Every time a decision is made to sign a spec deal, it’s the series that profits and the teams who are further strangled in some financial way. Penske Entertainment, led by Roger Penske — among the greatest business people this sport has known — has its first chance, through bringing a new car to market with Dallara, to show his business expertise by removing the word “spec” from a range of areas on the car.

Opening up big and new and real business opportunities for the paddock by breaking decades of spec thinking is critical.

And if the whole damn thing is another spec car from nose to tail that continues to handcuff IndyCar’s teams from seeking and finding new technology sponsors and partners, I’ll have to question why the series signed its entrants up for another decade of financial struggles.

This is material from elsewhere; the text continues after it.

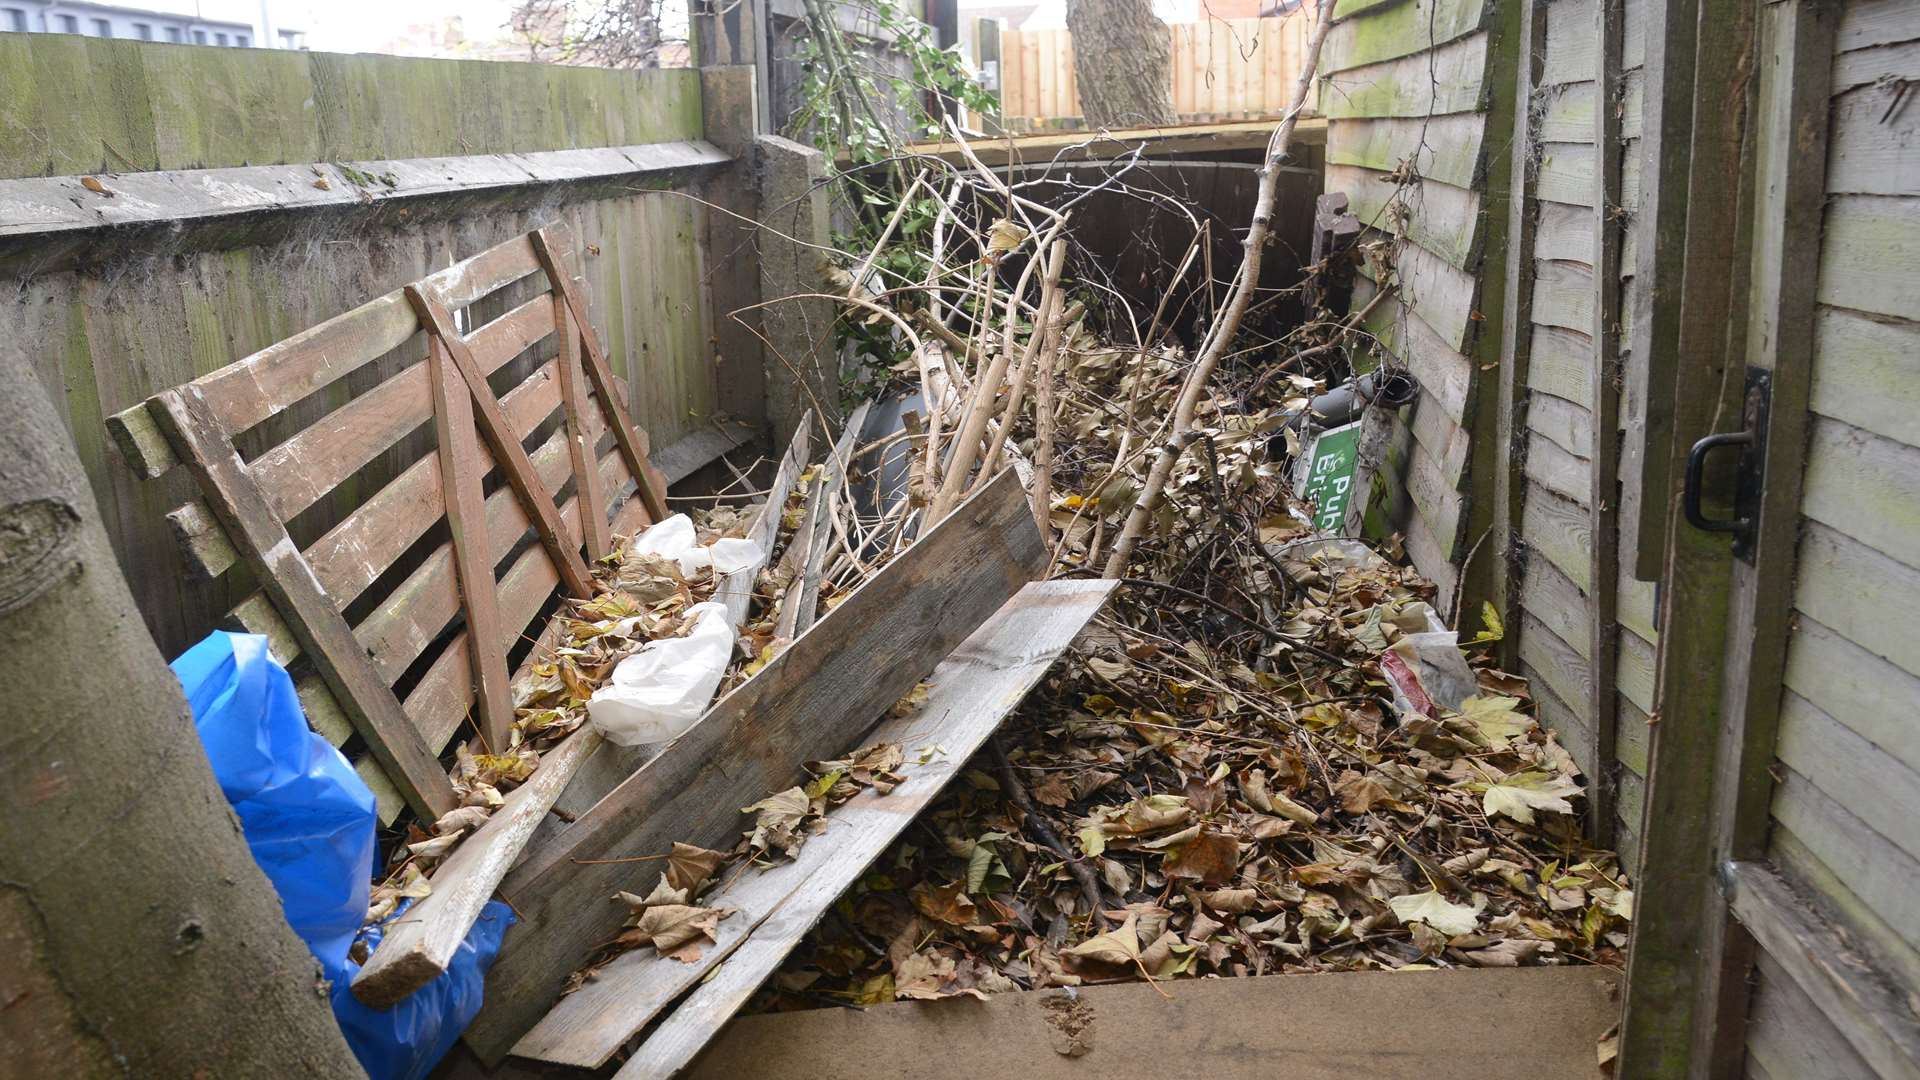 Nayelli Navarro has called the council hypocritical due to rubbish and damaged and neglected fence in the alley way separating houses from the Pound Lane car park

“Spec” has been the noose IndyCar willingly places around the neck of its teams and watches as they complain about struggling to breathe. It’s time for a rethink on the ways and places where open competition can make IndyCar better, more interesting, and stoke new business development.

Let the technology world — aerospace, aviation, automotive, electronics, and so on — in and let their collective infusion of money and engineering and creativity lift IndyCar to heights some of us once enjoyed before the word spec started choking the life out of the series.